On Sep 17, 2007, at 12:25 PM, Charles P. wrote:

equipment. So I started by downloading the DNS list of all domain
Posted via http://www.ruby-forum.com/.

Doesn’t sound like much scraping, just searching text for a string.
You could even do a lot of that work with Google.
but just download the file and search for a string. create a data
file of your own that tells you what line you found the string.
Scraping is really for getting data from other sites, using the DOM
structure they have to get (for example) the weather report.

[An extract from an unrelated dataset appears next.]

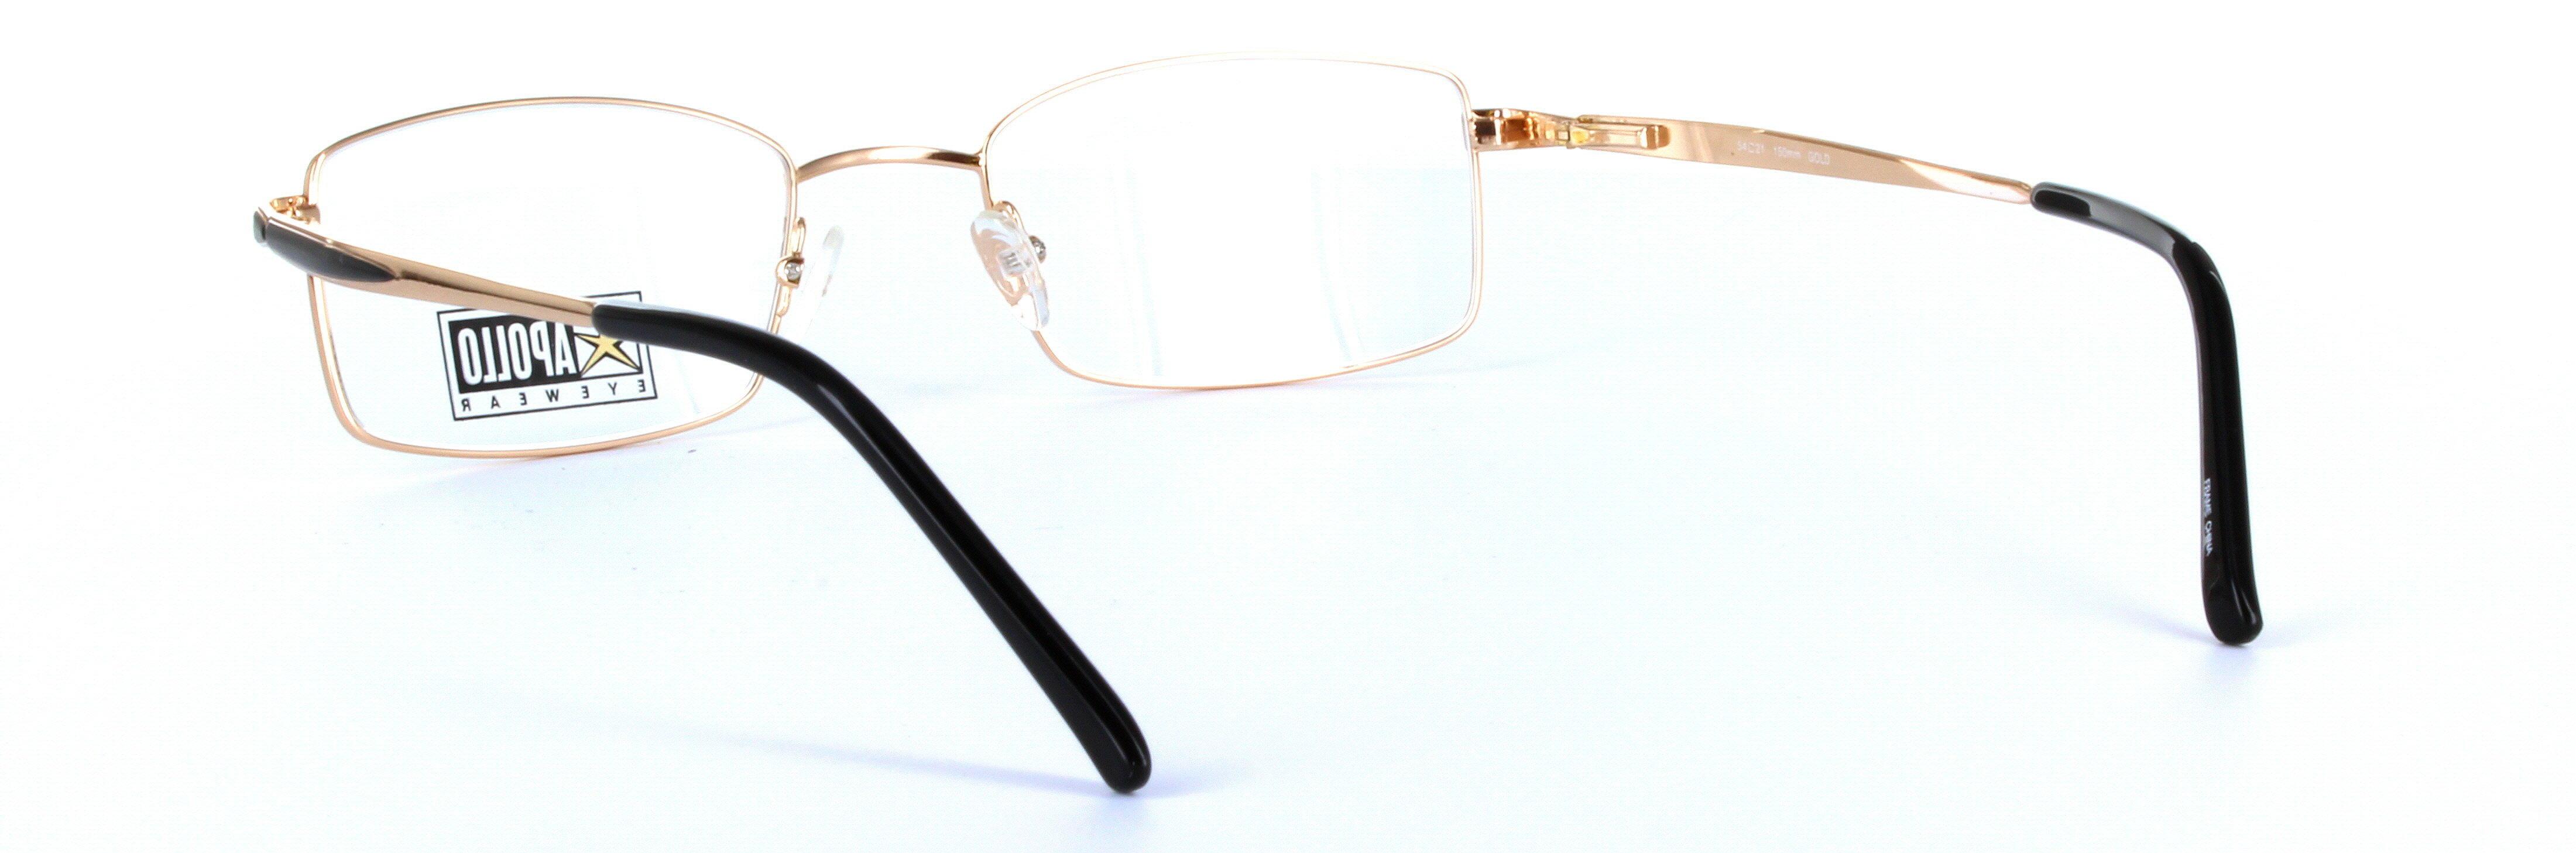 Chianti Gold Full Rim Rectangular Metal Glasses  - Image View 3

Well, I disagree. Once I have all the websites with Cisco in its domain
name and I look through them, there are lots of pages that won’t show me
info unless I do a search within that page itself. (ex. usedcisco.com)
To search for specific items on this website I would have to use the
search bar located within its page to search for say “WIC-1T” and then
search for a price below a specific amount for that item.

Quoth Chuck D.:

Scraping is really for getting data from other sites, using the DOM
structure they have to get (for example) the weather report.

Well, I disagree. Once I have all the websites with Cisco in its domain
name and I look through them, there are lots of pages that won’t show me
info unless I do a search within that page itself. (ex. usedcisco.com)
To search for specific items on this website I would have to use the
search bar located within its page to search for say “WIC-1T” and then
search for a price below a specific amount for that item.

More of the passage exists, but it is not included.